The initial concept proposed by @rabernat is a meta
Zarr group which contains a collection of 1D arrays for each metadata property. At a minimum they would have something like
meta
├── date
├── bbox
└── collection
date
- dtype is numpy.datetime64
bbox
- contains WKT and the dtype is vlen
or WKB and the dtype bytes
(not sure on extension dtype support here)
collection
- dtypeis
vlen`
The initial table provider implementation should be able to use a query like
SELECT idx
FROM meta
WHERE date < TIMESTAMP '2025-07-01 00:00:00' AND ST_Intersects(
bbox,
ST_GeomFromText('POLYGON((0 0, 0 10, 10 10, 10 0, 0 0))')
);
And return a list of indices (more on how we might tie this its associated array data in a moment). My biggest question here is how Datafusion can generate the most efficient incremental scan plan when we need to filter multiple arrays?
This should be our initial goal and then we can move onto ...
Datafusion Table Provider for Icechunk materialized indexes
Ideally we'd like to be able generate separate indices for these 1d arrays, store them as serialized arrays within Icechunk and have Datafusion materialize them and use them for predicate pushdown operations when available. I'd propose trying to serialize a geo-index for bbox
and some form of b-tree for date
and then see how we can interact with those.

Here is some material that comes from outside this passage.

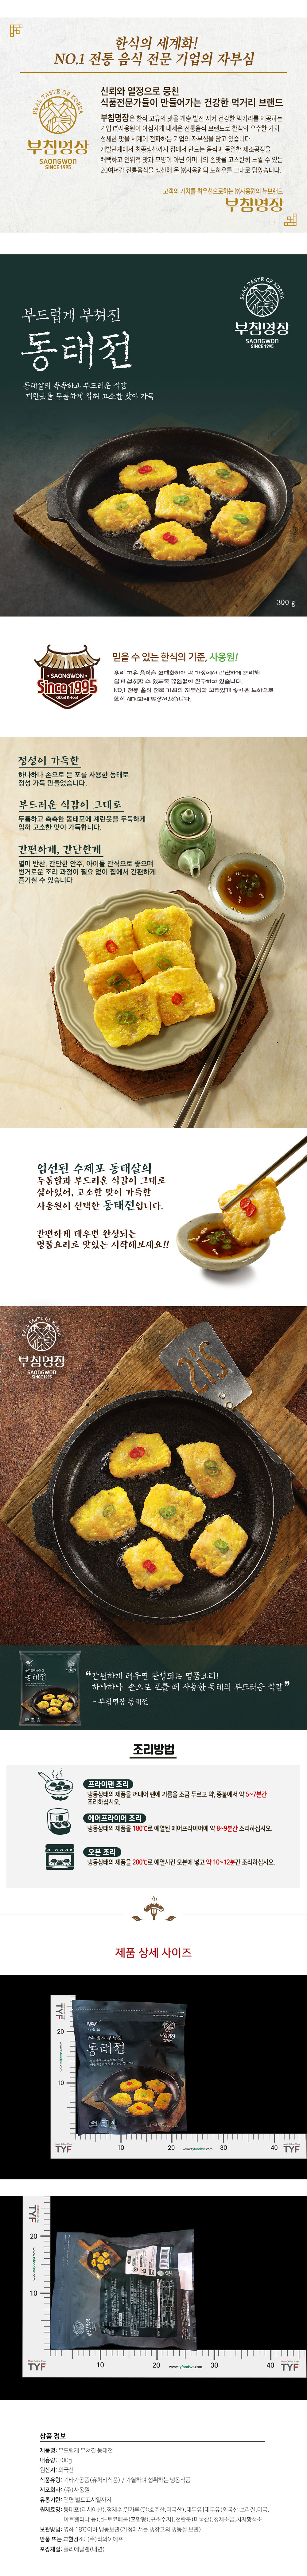 saongwon_dongtaejeon.jpg
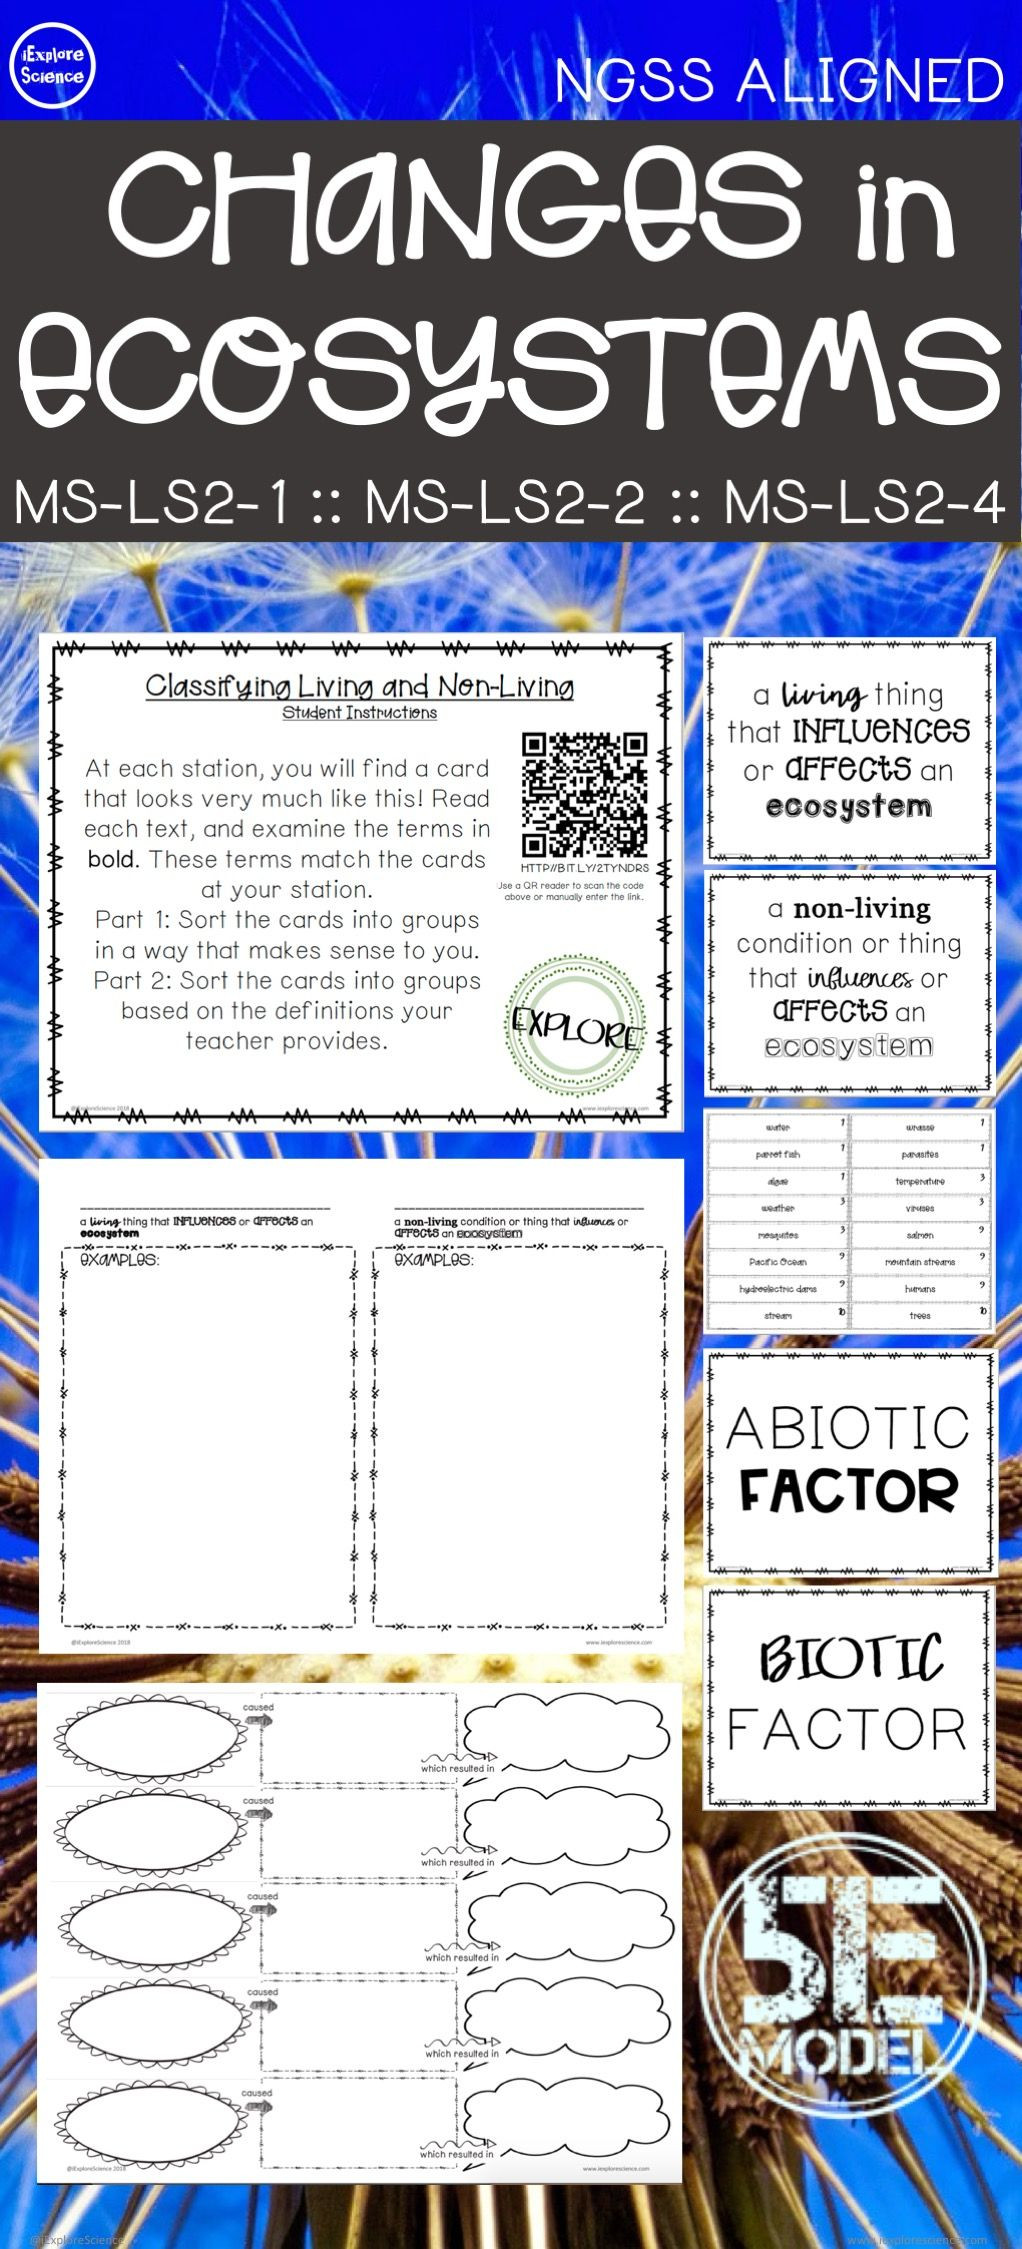 Abiotic and Biotic Factors Worksheet Biotic and Abiotic Factors 5e Activity Bundle Ngss Ms

@kylebarron These would be the initial asks for you to investigate. In parallel, @maxrjones and I can start to investigate how our proposed "middleware" library could use idx
s returned from the query to
- Retrieve the associated array chunks and present them as a zarr like structure that can be accessed via
zarr-python
- Embed the requested metadata fields into the
.zattrs
for each presented array. (As flat attributes for now).
This is just some broad strokes to keep you busy while I'm out 😆 so feel free to comment / edit as you see fit.